Former Treasury Secretaries Robert Rubin and Jacob Lew, who served under Democratic Presidents Bill Clinton and Barack Obama, respectively, this week penned a New York Times op-ed calling for making the child tax credit permanently available to families with little to no income.

If the current $2,000 per child tax credit were made fully refundable, it could reduce child poverty by 20%, they estimated.

“Refundability is the most consequential way to reduce child poverty, and we urge lawmakers to make it permanent,” Rubin and Lew wrote.

Yet not all leaders agree. Sen. Joe Manchin, D-W.V., has said he would not support renewing the child tax credit without including work requirements. Some Republicans agree.

The question is whether both sides can reach a compromise.
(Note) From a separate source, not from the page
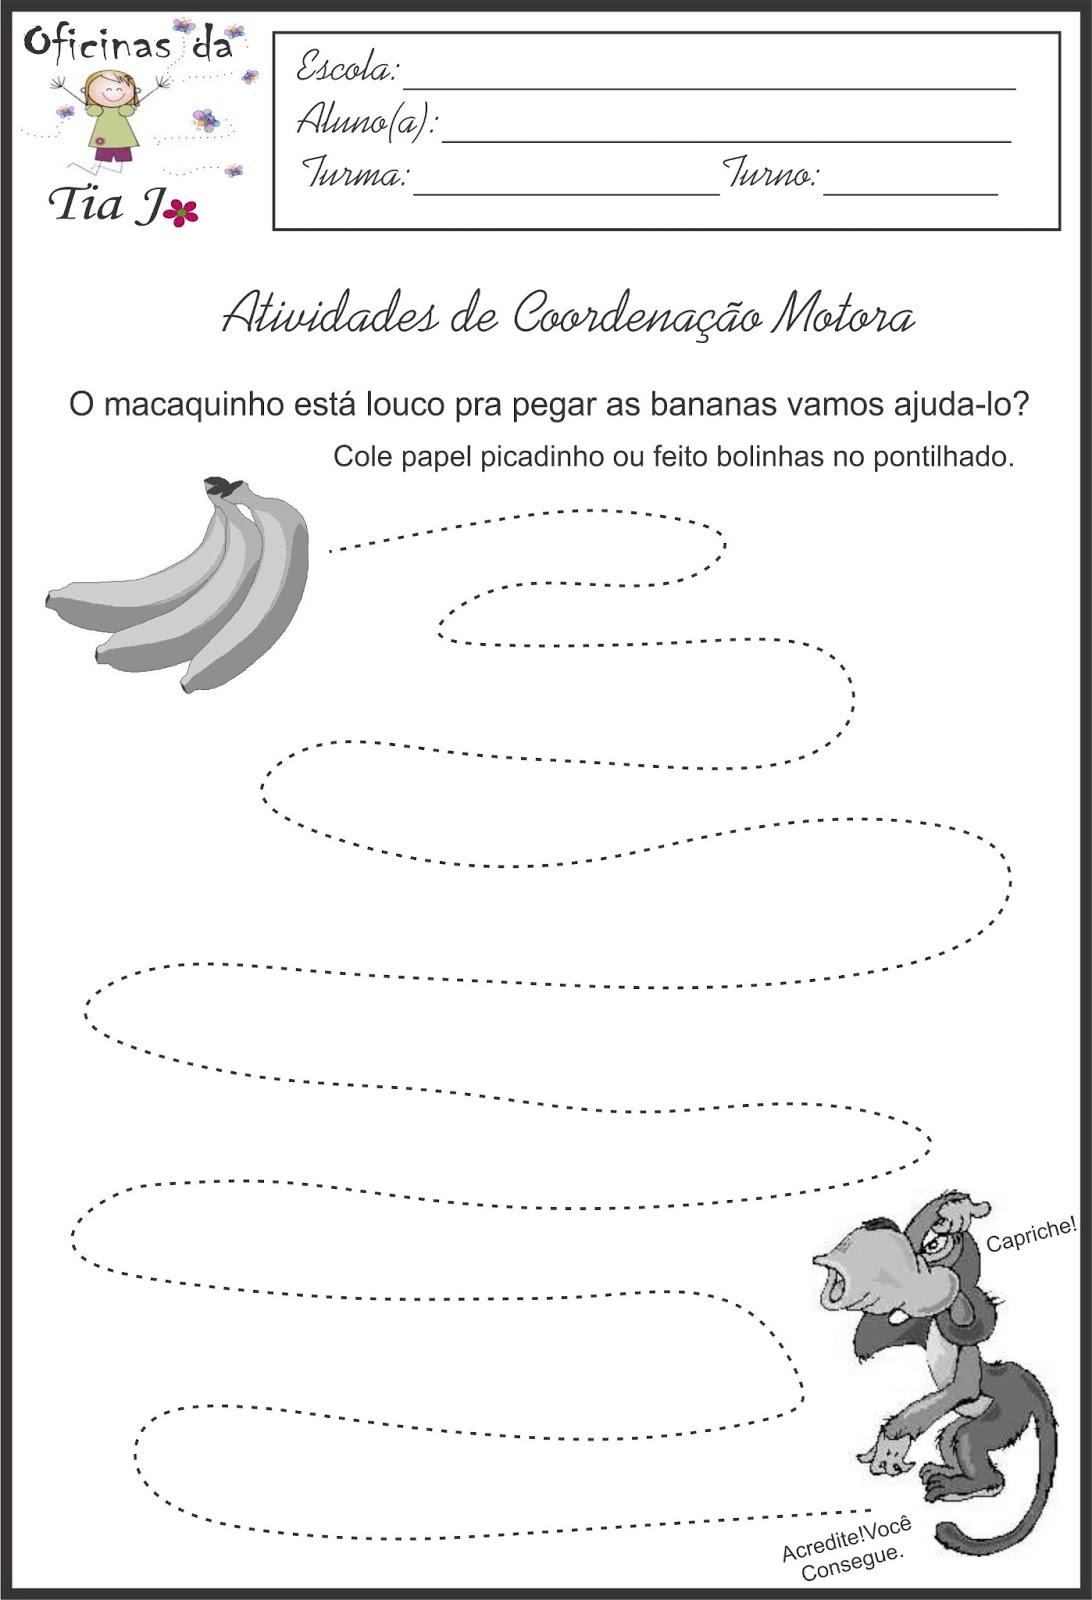 Excepcional Coordenação motora fina | Jossandra Barbosa TL92

The Bipartisan Policy Center has proposed a plan that would make part of the child tax credit fully available to families at the lower end of the income spectrum, regardless of whether or not they have earnings. Then, a second portion would phase in with income, as the credit does today.

“What I would recommend policy makers focus most on is reaching agreement to expand some of the benefits to families at the bottom of the income distribution, which is much less expensive than expanding the size of the credit for everyone,” said Shai Akabas, director of economic policy at the Bipartisan Policy Center.

However, a recent report published by researchers at Columbia University found small and statistically insignificant effects of the child tax credit on employment and labor force participation.

Data shows the monthly child tax credit payments helped families pay for food, electrical bills and prevent their children from going to bed hungry, said Chuck Marr, vice president for federal tax policy at the Center on Budget and Policy Priorities.

“Then the rug got pulled out right from underneath them, just as food prices and energy prices started to surge,” Marr said.

“Some have used inflation as an excuse not to do something, when really, for low-income people, it’s another reason to do it,” he said.

For now, families who are eager for more generous child tax credit checks will likely have to wait.

“It seems fairly unlikely that they are going to reach an agreement in advance of the November election to expand the CTC for the current year,” Akabas said, due in part to a packed legislative agenda and not much time when lawmakers will be in session.

“There’s no clear path to an agreement at this moment,” he said.